> WORK REQUEST:
Without any pictures, copy the records below once more, exactly as they are.

> LISTED ENTRIES:
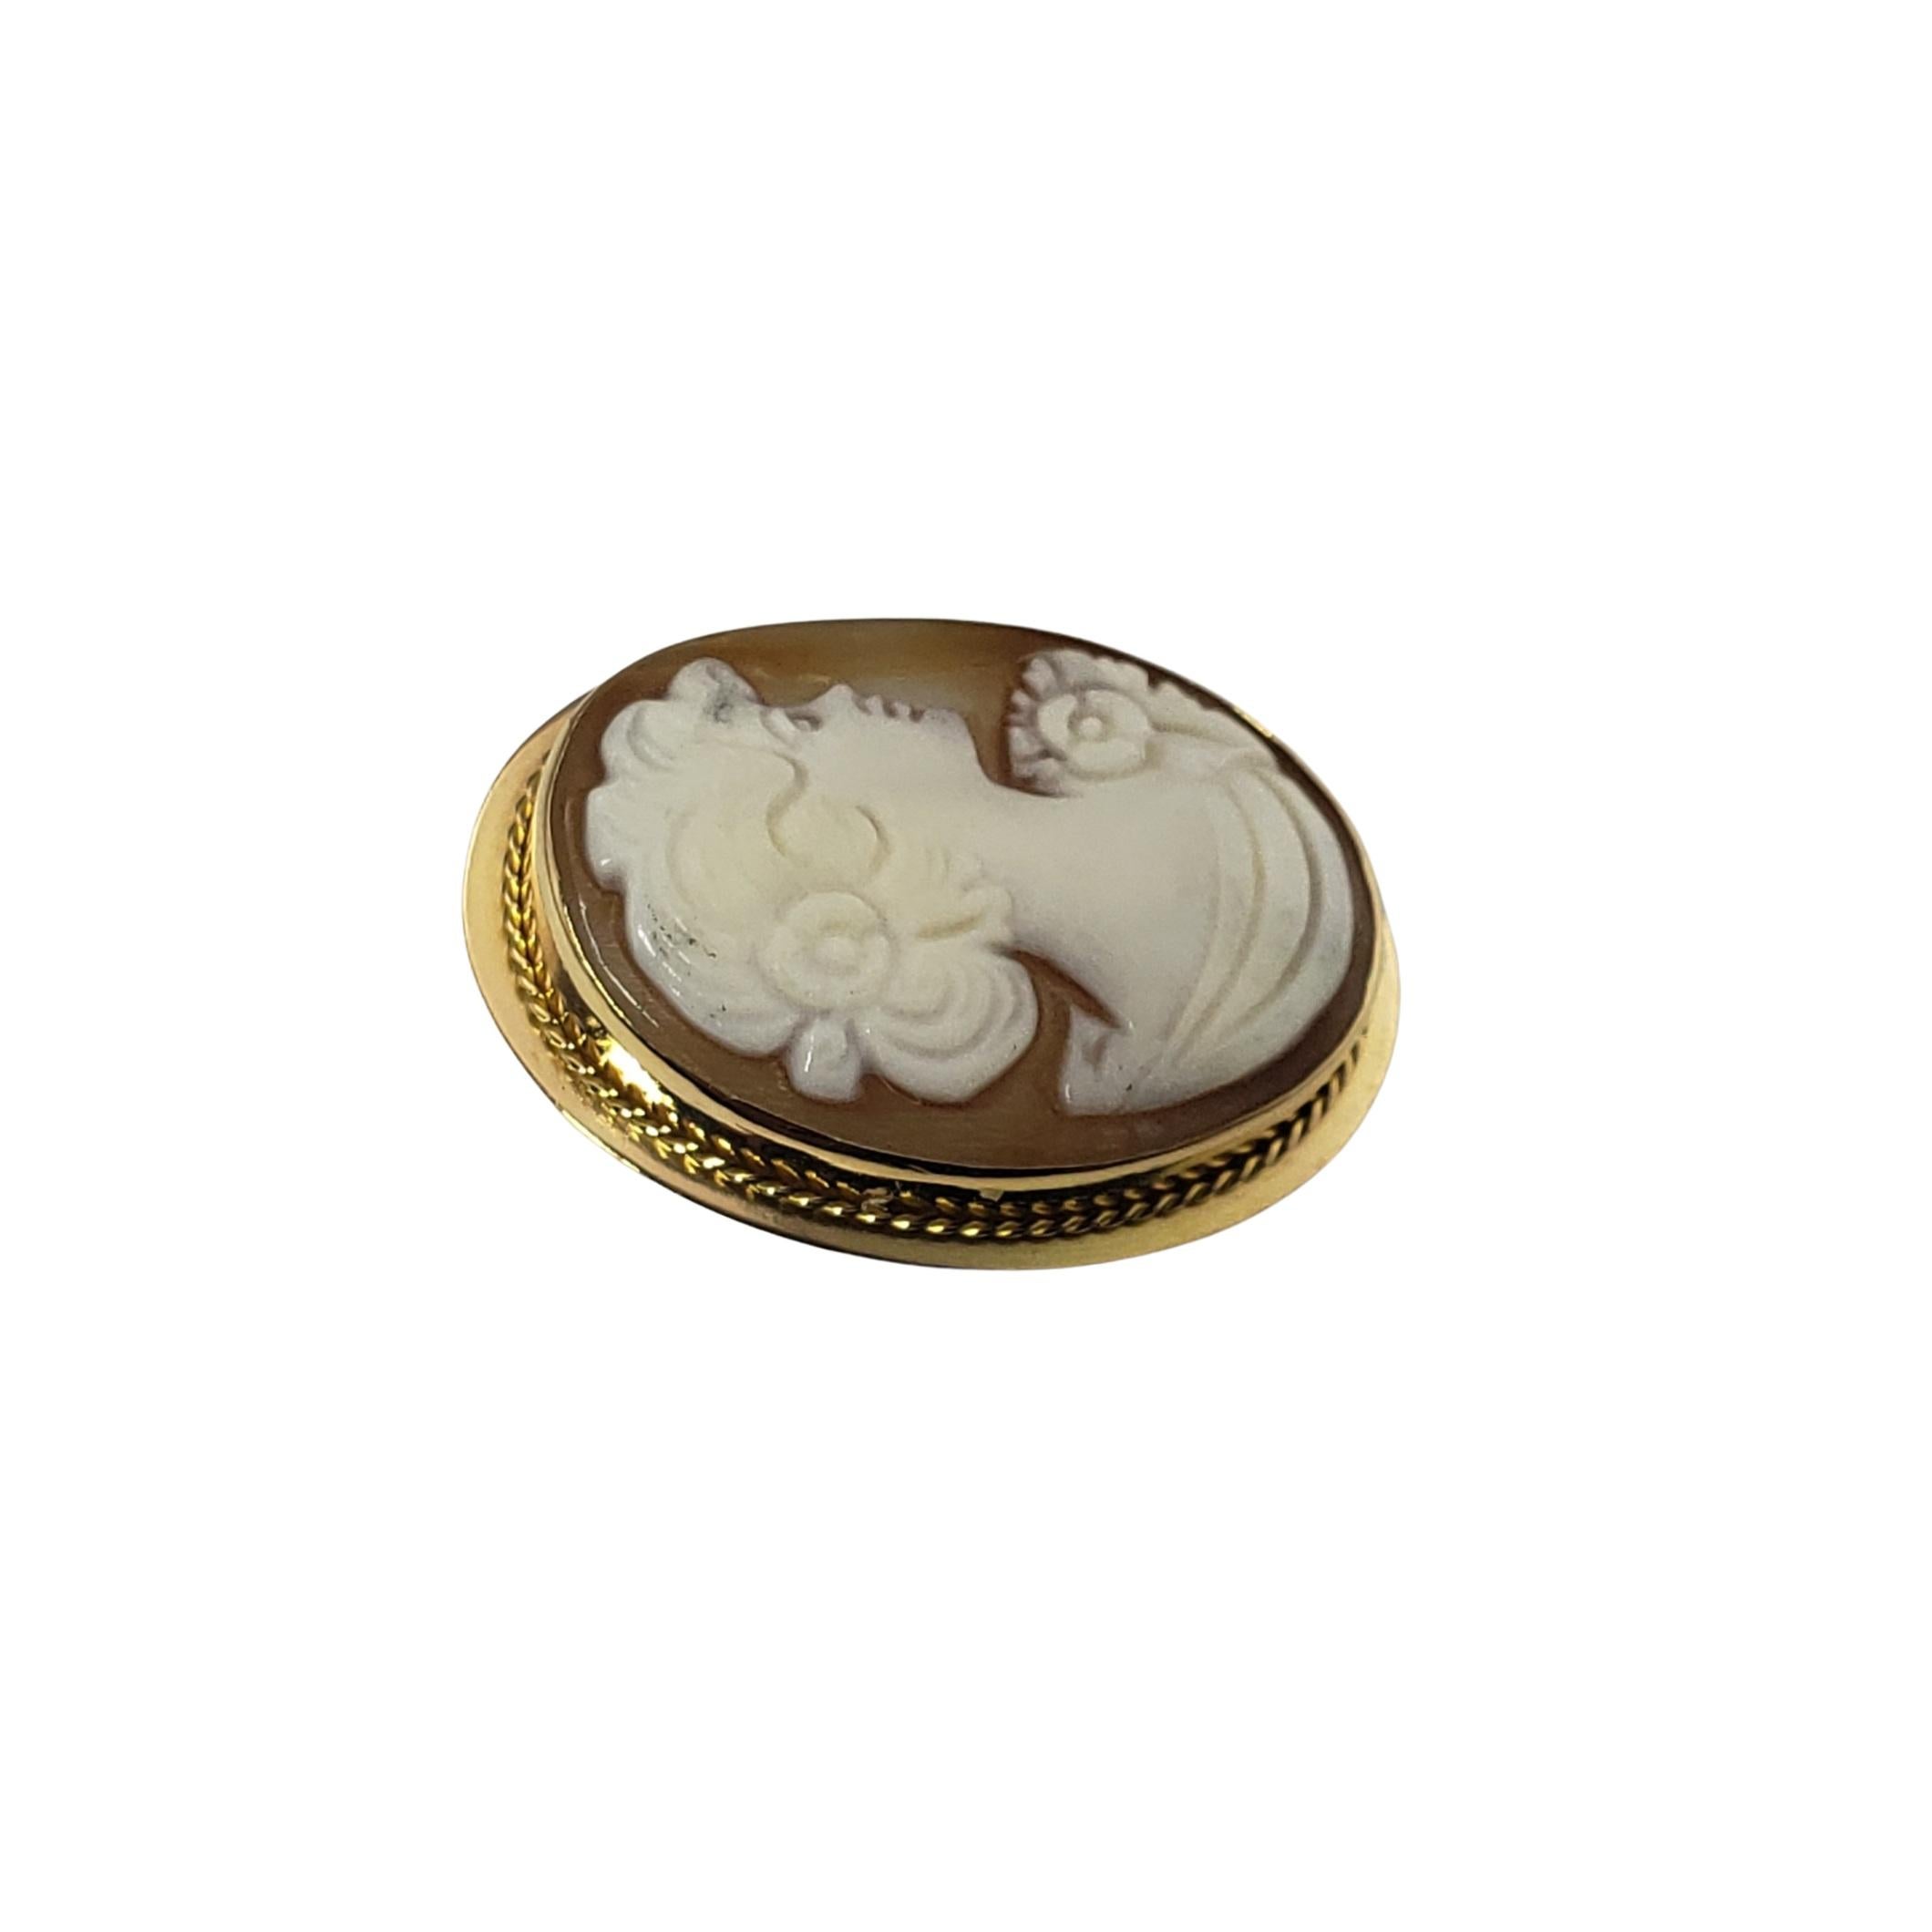 Vintage 18 Karat Yellow Gold Cameo Brooch/Pendant-

This elegant cameo features a lovely lady in profile framed in beautifully detailed 18K yellow gold. Can be worn as a brooch or a pendant.

Size: 23 mm x 18 mm

Weight: 1.7 dwt. / 2.7 gr.

Stamped:
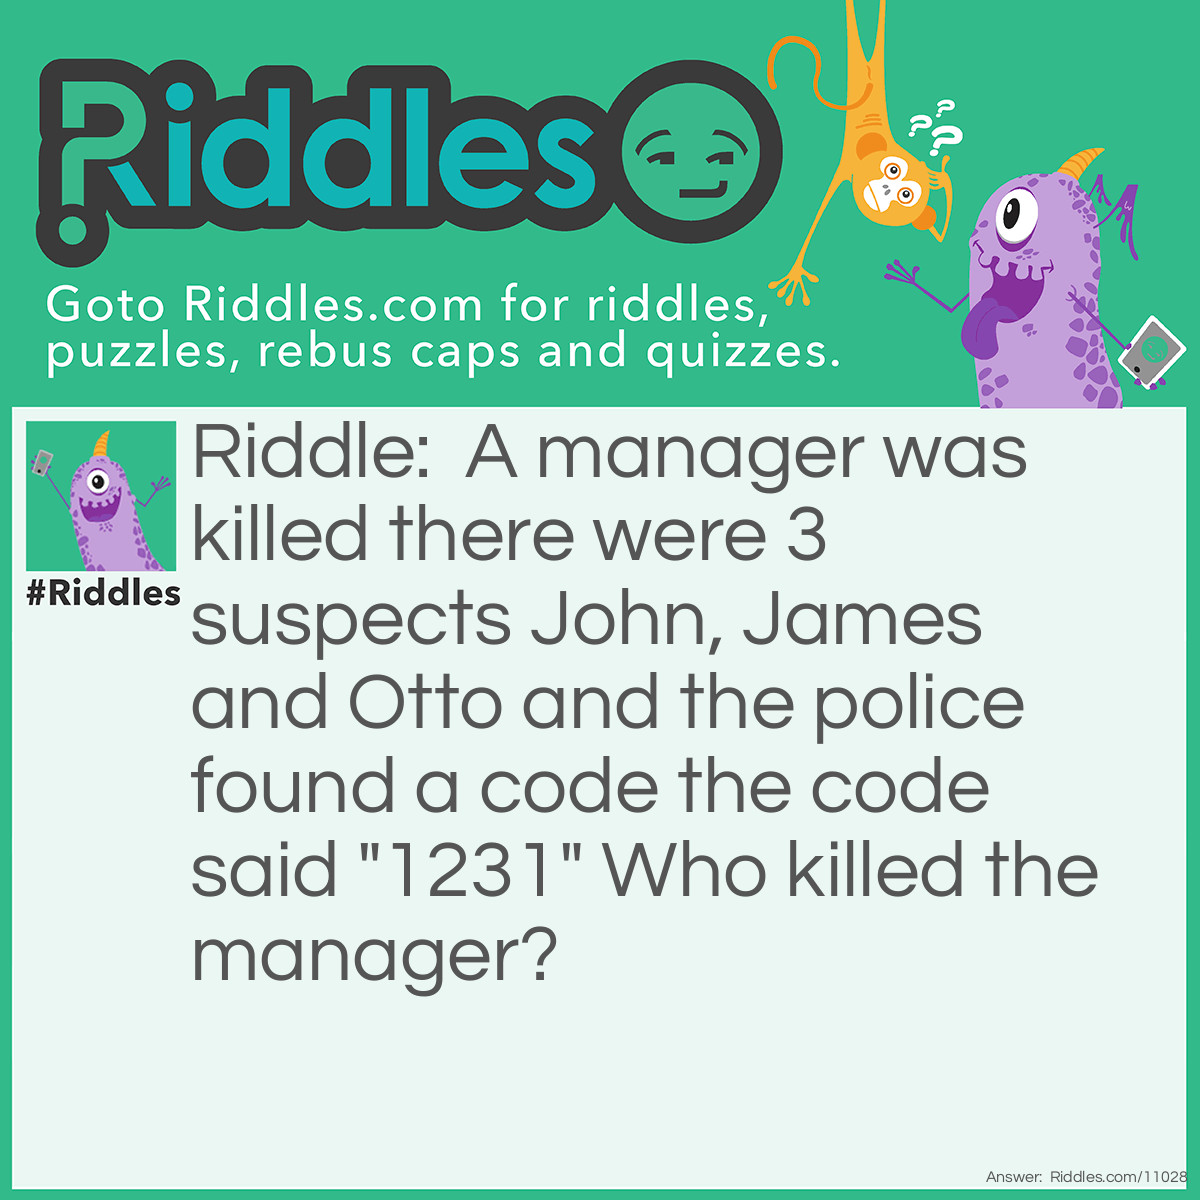 Riddle: A manager was killed there were 3 suspects John, James and Otto and the police found a code the code said "1231" Who killed the manager? Answer: Otto because 1 in eng is one 2 is two 3 is three and 1 is also again one and one represents O 2 is t 3 is t and 1 is o so Otto

> TASK RESULT:
 Vintage 18 Karat Yellow Gold Cameo Brooch/Pendant-

This elegant cameo features a lovely lady in profile framed in beautifully detailed 18K yellow gold. Can be worn as a brooch or a pendant.

Size: 23 mm x 18 mm

Weight: 1.7 dwt. / 2.7 gr.

Stamped:
 Riddle: A manager was killed there were 3 suspects John, James and Otto and the police found a code the code said "1231" Who killed the manager? Answer: Otto because 1 in eng is one 2 is two 3 is three and 1 is also again one and one represents O 2 is t 3 is t and 1 is o so Otto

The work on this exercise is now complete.